Pediatric stroke is a stroke that happens in children or adolescents.  Stroke affects about 6 in 100,000 children.

Pediatric stroke causes can and does happen at any age. Stroke is different in children and newborns than it is in adults. Children have hemorrhagic strokes as often as they have ischemic strokes, while adults are more likely to have ischemic strokes. Sixty percent of pediatric strokes occur in boys. Causes of stroke are also different in children than they are in adults.

Types of Strokes

Ischemic

In an ischemic stroke, blood supply to part of the brain is decreased, leading to dysfunction of the brain tissue in that area.

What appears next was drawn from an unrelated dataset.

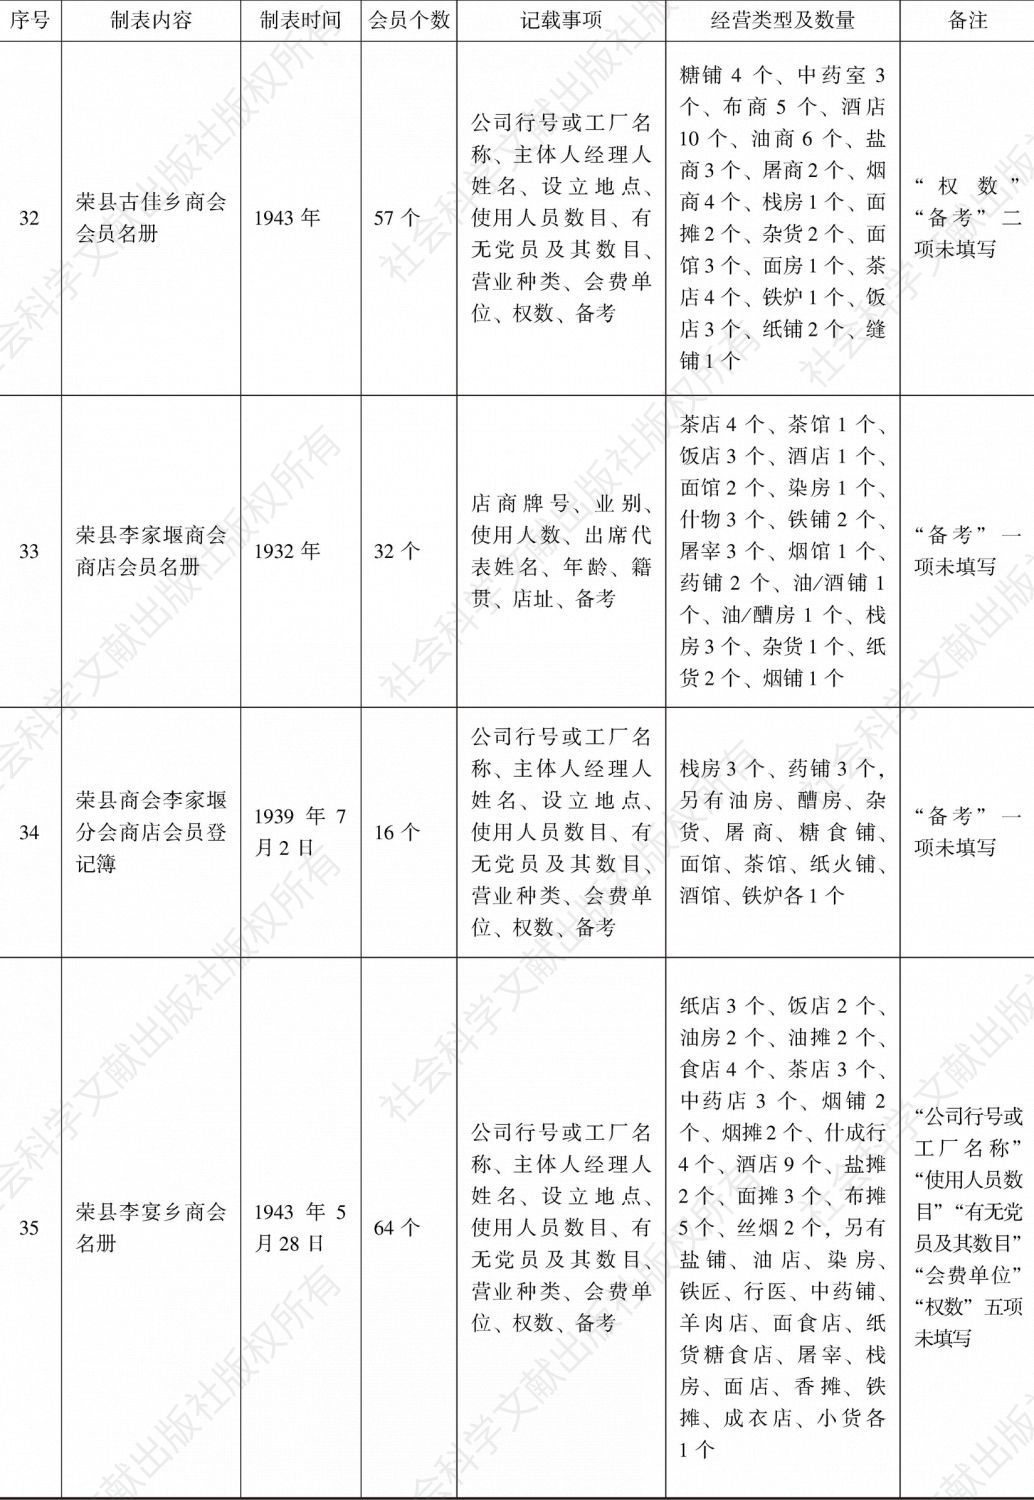 荣县商会事务分所造报名册汇编-续表8

There are four reasons why this might happen:

 Thrombosis (obstruction of a blood vessel by a blood clot forming locally)
 Embolism (obstruction due to an embolus from elsewhere in the body, see below),
 Systemic hypoperfusion (general decrease in blood supply, e.g., in shock)
 Venous thrombosis.

Stroke without an obvious explanation is termed "cryptogenic" (of unknown origin); this constitutes 30-40% of all ischemic strokes.

Hemorrhagic

Intracranial hemorrhage is the accumulation of blood anywhere within the skull vault. A distinction is made between intra-axial hemorrhage (blood inside the brain) and extra-axial hemorrhage (blood inside the skull but outside the brain). Intra-axial hemorrhage is due to intraparenchymal hemorrhage or intraventricular hemorrhage (blood in the ventricular system). The main types of extra-axial hemorrhage are epidural hematoma (bleeding between the dura mater and the skull), subdural hematoma (in the subdural space) and subarachnoid hemorrhage (between the arachnoid mater and pia mater). Most of the hemorrhagic stroke syndromes have specific symptoms (e.g., headache, previous head injury).

Symptoms and signs

Symptoms often include:

 Seizures, especially in newborns
 Keeping one hand in a fist position, especially in infants
 Worsening or sudden headaches
 Sudden difficulty speaking, slurring of words or trouble understanding speech
 Hemiparesis, or a weakness on one side of the body
 Sudden loss of vision or abnormal eye movements
 Sudden loss of balance or trouble walking

Prognosis 
The prognosis for pediatric stroke survivors varies.  The following are some common outcomes:
 Cerebral Palsy (often Hemiplegic Cerebral Palsy/Hemiplegia)
 Epilepsy
 Vision Loss
 Hearing Loss

Treatment of Pediatric Stroke 

 If symptoms of pediatric stroke seizure are seen, the infant should be taken to the hospital immediately for assessment, diagnosis, and treatment.
 Medications and other treatments may be recommended to help treat the symptoms (e.g. to control seizures) or correct the cause of the stroke, such as rehydration, antibiotics for meningitis, and, medication or surgery to correct heart abnormalities.